Source data »
Start of Block

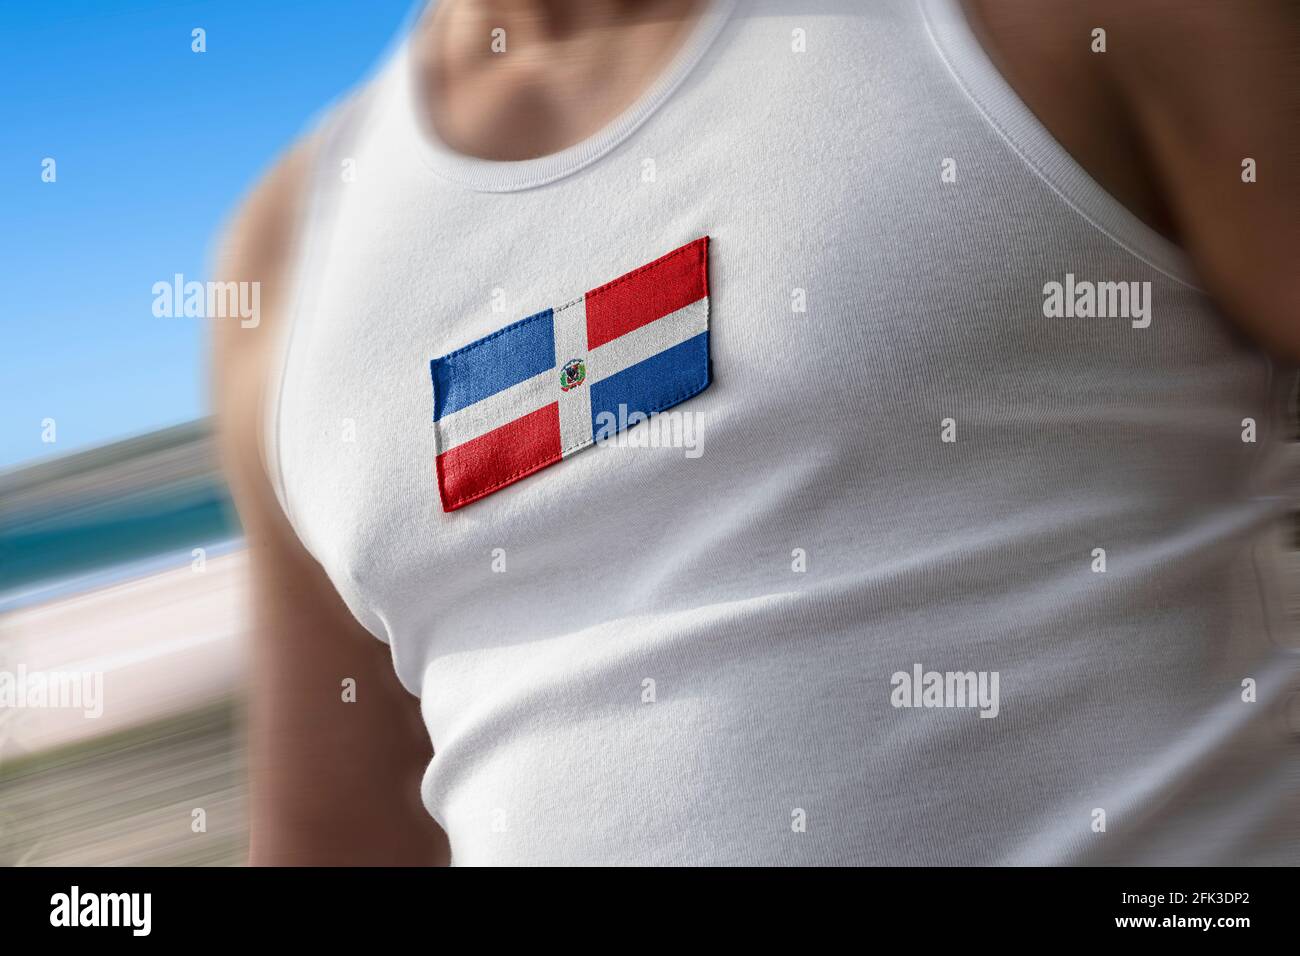 Le drapeau national de Dominicana sur la poitrine de l'athlète Banque D'Images
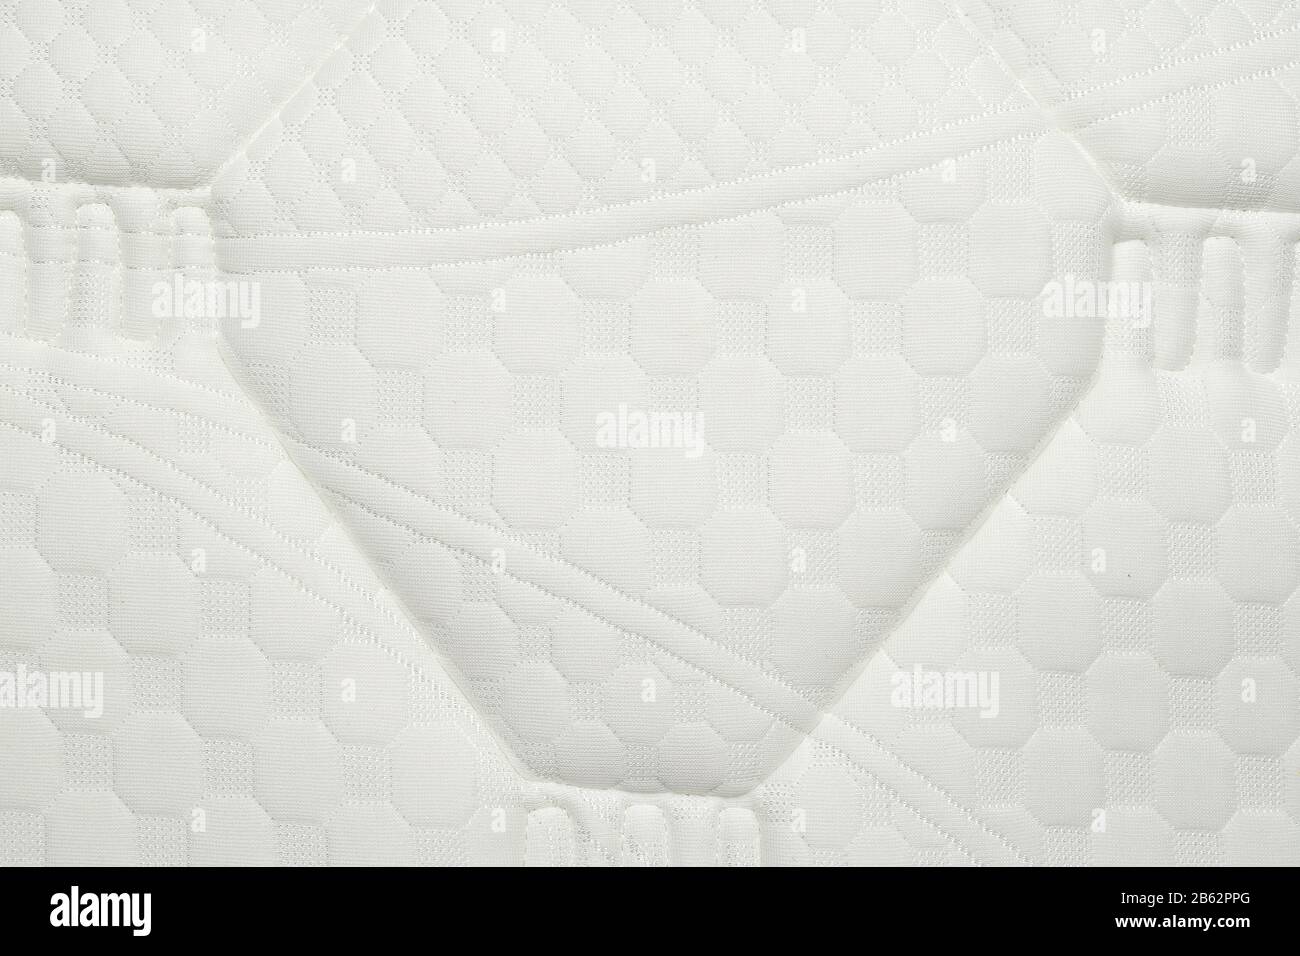 Matratze. Weißes Gewebe ohne Schmutz, Schimmel oder Flecken reinigen. Stockfoto
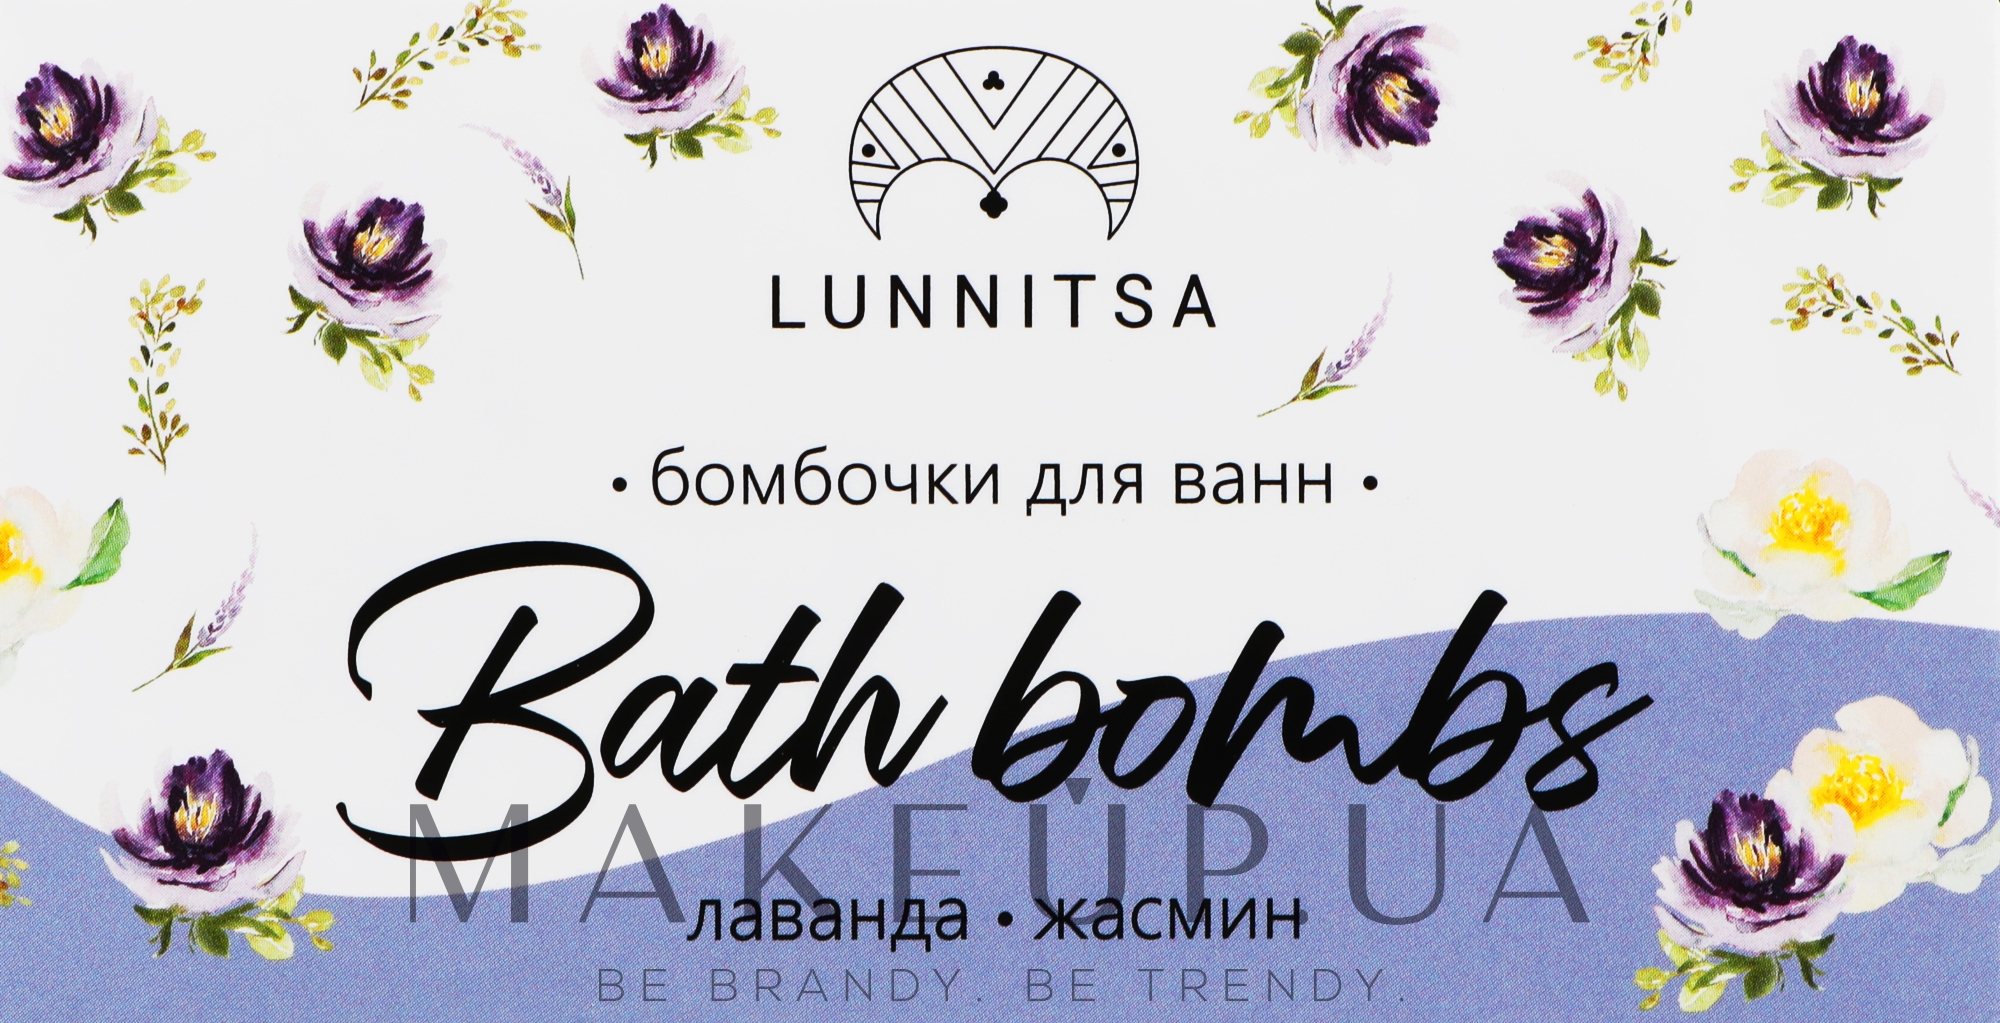 Бомбочки для ванн "Лаванда-жасмин" - Lunnitsa Bath Bombs — фото 200g

End of Block

Problem requirements » Once the line with "Matratze. Weißes Gewebe" is found, write out that line and every later line of the listing above exactly, through the last one, and skip any pictures.

Written answer »
 Matratze. Weißes Gewebe ohne Schmutz, Schimmel oder Flecken reinigen. Stockfoto
 Бомбочки для ванн "Лаванда-жасмин" - Lunnitsa Bath Bombs — фото 200g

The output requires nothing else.